Geoff Cox’s DVDs: X-Men: Days Of Future Past, Jersey Boys, Tammy, Boyhood

Plaudits must go to director Brian Singer, who started the X-Men series and makes a triumphant return with the new superhero adventure sequel.
X-Men Days Of Future PastX-Men Days Of Future Past
X-Men Days Of Future Past

X-Men: First Class put life into the flagging franchise three years ago, featuring younger versions of established characters (James McAvoy as Professor X, Michael Fassbender as Magneto and Jennifer Lawrence as blue-hued shape-shifter Mystique).

Now Singer ups the ante with X-MEN: DAYS OF FUTURE PAST (12: Twentieth Century Fox), an ambitious time-spanning tale that puts the original stars – Patrick Stewart, Ian McKellen, Hugh Jackman – alongside their younger counterparts.

Wolverine (Jackman) is sent back to 1973 by old sparring partners Professor X and Magneto to save the future from mechanoid mutant killers called Sentinels.

That means convincing drug-addled, and now powerless, Xavier (McAvoy) to bury the hatchet with Magneto, who’s languishing in a vault beneath the Pentagon.

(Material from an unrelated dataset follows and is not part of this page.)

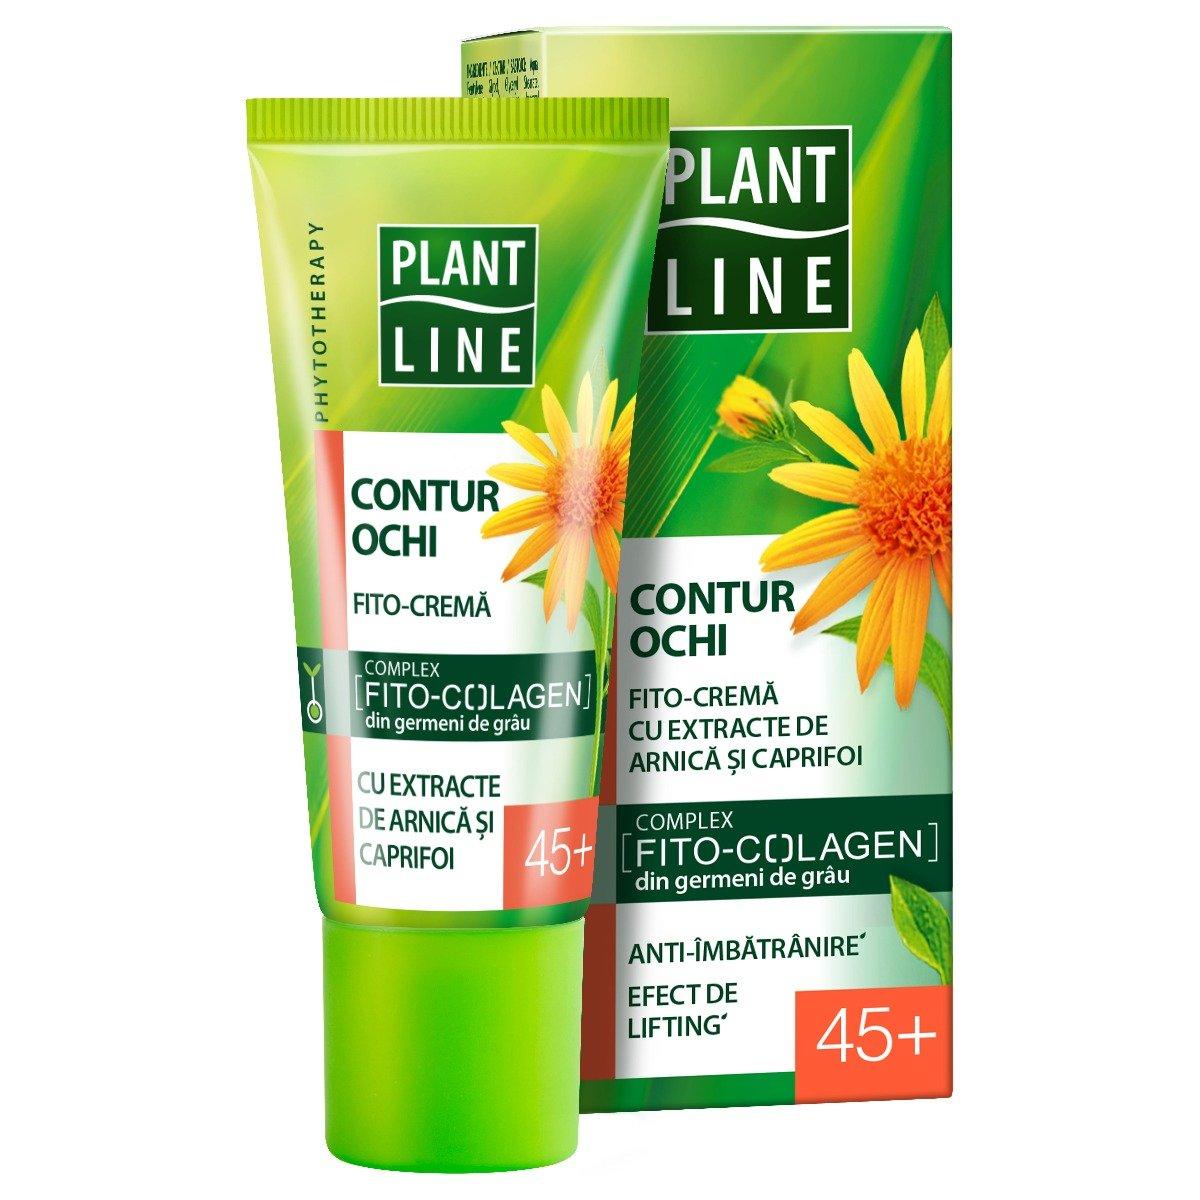 Crema de ochi Plant Line Arnica, 45+, 20 ml imagine

Cue a Mission Impossiblestyle rescue that introduces mutant speedster Quicksilver.

The compelling cast make the movie more than just a noisy action-fest and this rip-roaring recalibration of past and current X-teams should provide these characters with a bright new future.

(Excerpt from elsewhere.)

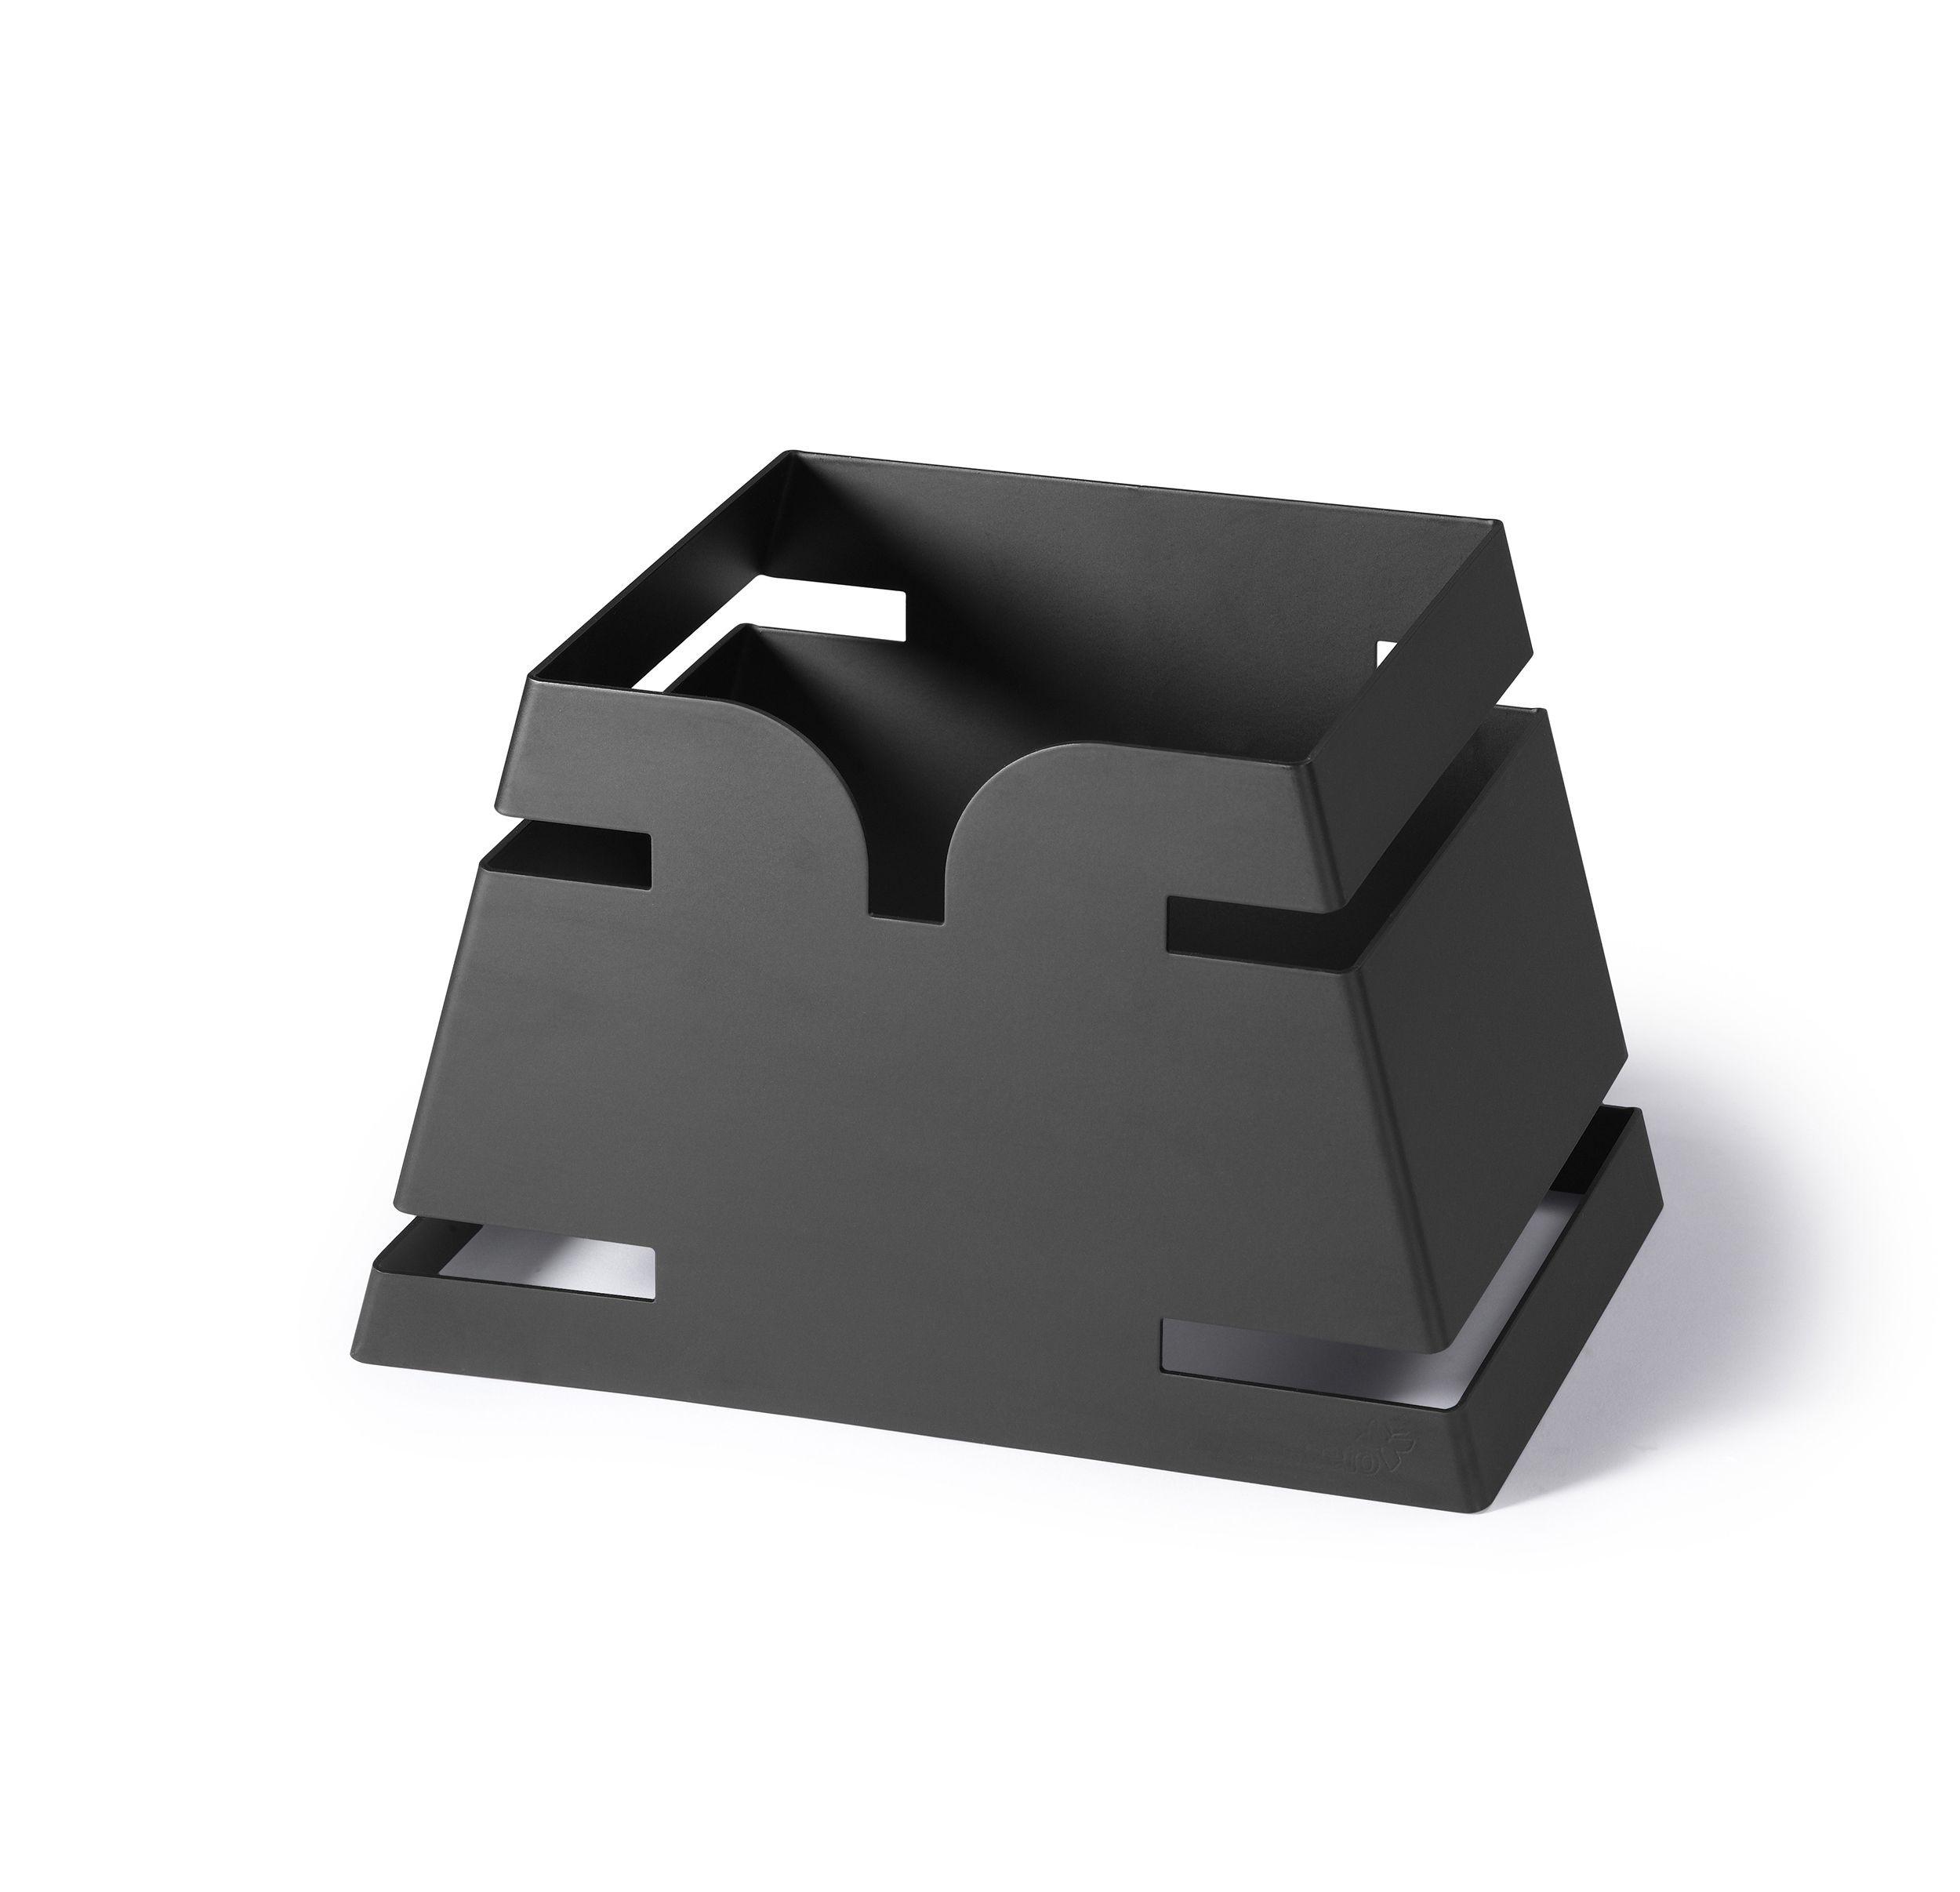 Riser - Black Matte Metal - 11.65

> Musical biopic JERSEY BOYS (15: Warner) takes the hit show about 1950s and ’60s singers Frankie Valli and the Four Seasons from stage to screen. But Clint Eastwood is not the kind of director to fall for glitz and glamour while telling their story.

He’s more at home on the mean streets of New Jersey where Valli (John Lloyd Young, who played the role on Broadway) and wise-guy pal Tommy (Vincent Piazza) are caught between a life of crime and chart-topping greatness.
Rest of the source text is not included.